Some components and hosts may need additional configuration after deployment depending on current environment and/or your specific needs. The Secure MCP OpenStack and Secure Kubernetes and Docker chapters describe these aspects. Additionally, refer to OpenStack Security Guide, Docker Security, and Kubernetes Security Best Practices for more information explaining the reasons of such configuration.

The next chapters guide you through the best practices of designing a secure cloud architecture including the demilitarized zone and installation of security solutions on top of cloud platform to provide incident detection, prevention, and investigation processes.

At the end, you can find common use cases that can help you to address the given recommendations.

Threats definition

Before stepping into recommendations this chapter gives an overview of available threat models to define possible attack vectors and suggest mitigation techniques before cloud deployment or in a process of environment configuration.

Threat models

There are three different approaches to threat modeling focusing on:

  • software
  • assets
    • things you protect
    • stepping stones
    • things attackers want
  • attacks and attackers

Let us consider three threat models proposed by Microsoft, CERT, and MITRE that depend on what you are going to focus on when deploying a cloud. Based on these models it will be possible to recommend mitigation techniques for every class of threats in the next chapters.

STRIDE (Microsoft)

STRIDE model focuses on software. We recommend using Microsoft Threat Modeling Tool when planning your cloud to model potential threats you might have in future when running your cloud. As a result, this may affect architectural solutions and change a deployment scenario.

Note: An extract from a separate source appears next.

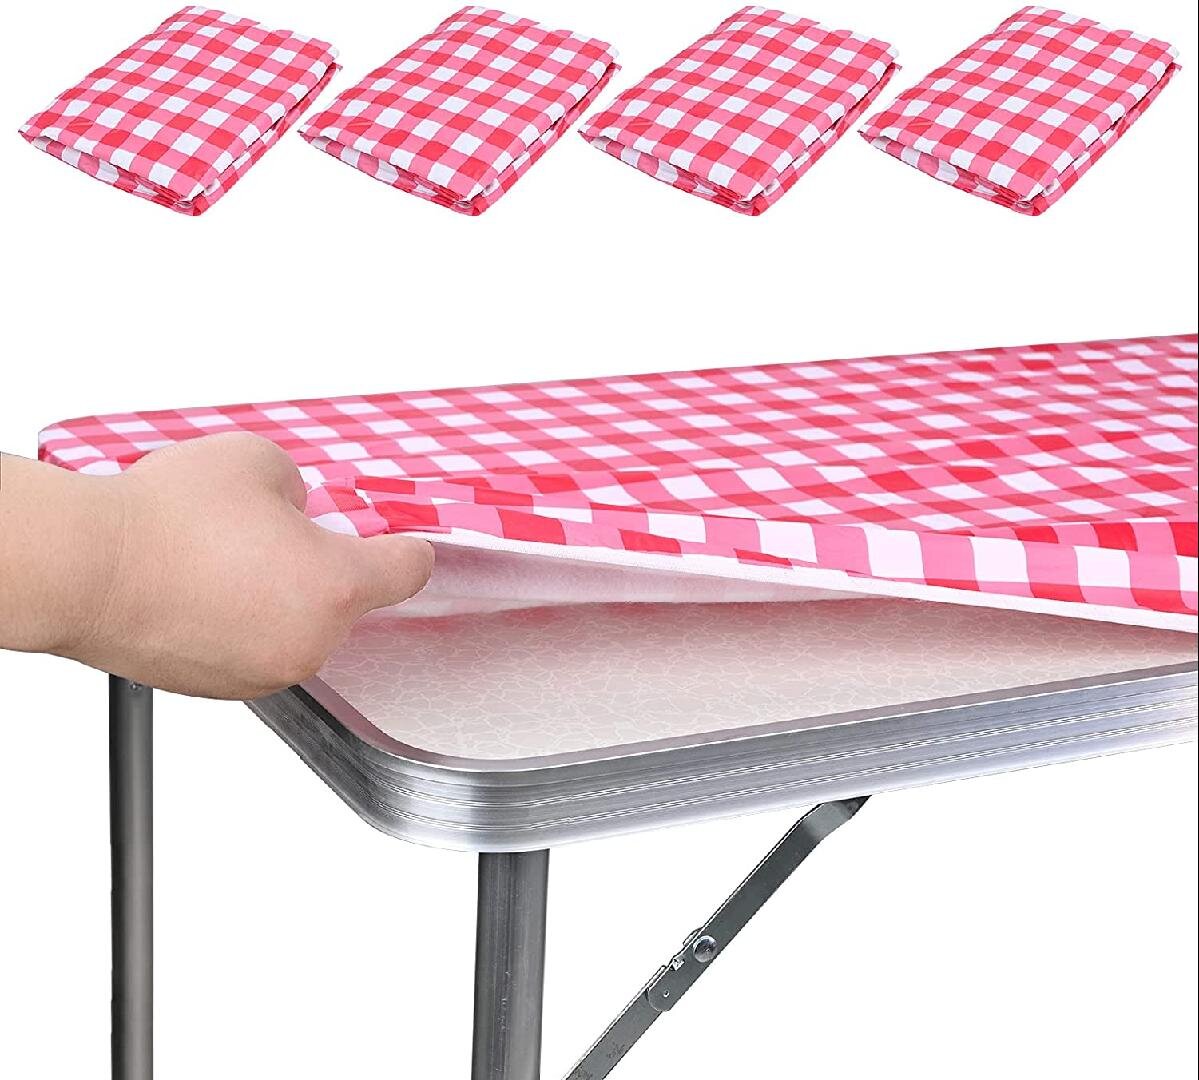 Checkered, 30 x 72 Inch Rectangle Tight Fit Vinyl Elastic Tablecloth for Folding Table 6ft Rectangle Elastic Fitted Tablecloth Waterproof Oil-Proof PVC Table Cloth Stain-Resistant Wipeable

In STRIDE there are six classes of threats corresponding with the letters in the abbreviation.

STRIDE threat model
Threat class Description Examples of affected objects
Spoofing Pretending to be something or someone other than yourself Process, file, host, account, certificate, TLS-protected session
Tampering Modifying something on disk, on a network, or in memory File, memory, data store, data flow, network, cache
Repudiation Claiming that you did not do something, or were not responsible Attack to logs, sources of time synchronization
Information disclosure Providing information to someone not authorized to see it Data from a process, storage, network, cache
Denial of Service (DoS) Absorbing resources needed to provide service Service availability
Elevation of Privileges (EoP) Allowing someone to do something they are not authorized to do Process, authorization service

This guide will refer to STRIDE as a primary threat model used in a software deveopment life cycle.

OCTAVE (CERT)

OCTAVE (Allegro) model focuses on information assets and performs risk assessment. The model consists of eight steps:

  1. Establish risk measurement criteria
  2. Develop an information asset profile
  3. Identify information asset containers
  4. Identify areas of concern
  5. Identify threat scenarios
  6. Identify risks
  7. Analyze risks
  8. Select mitigation approach

These steps are organized into four phases:

  1. Develop risk measurement criteria consistent with the organization’s mission, goal objectives, and critical success factors.
  2. Create a profile of each critical information asset that establishes clear boundaries for the asset, identifies its security requirements, and identifies all of its containers.
  3. Identify threats to each information asset in the context of its containers.
  4. Identify and analyze risks to information assets and begin to develop mitigation approaches.

CAPEC (MITRE)

The Common Attack Pattern Enumeration and Classification (CAPEC) model provides comprehensive threat classification and focuses on mechanisms and vectors of attacks.

OWASP top ten

Open Web Application Security Project (OWASP) provides information on top ten cloud threats:

  1. Accountability and data risk
  2. User Identity Federation
  3. Regulatory compliance
  4. Business continuity and resiliency
  5. User privacy and secondary usage of data
  6. Service and data integration
  7. Multi-tenancy and physical security
  8. Incidence analysis and forensics
  9. Infrastructure security
  10. Non-production environment exposure

Cloud tenant threats

Threats to tenants may come from a cloud provider (insider threats) or another tenant (co-tenant threats).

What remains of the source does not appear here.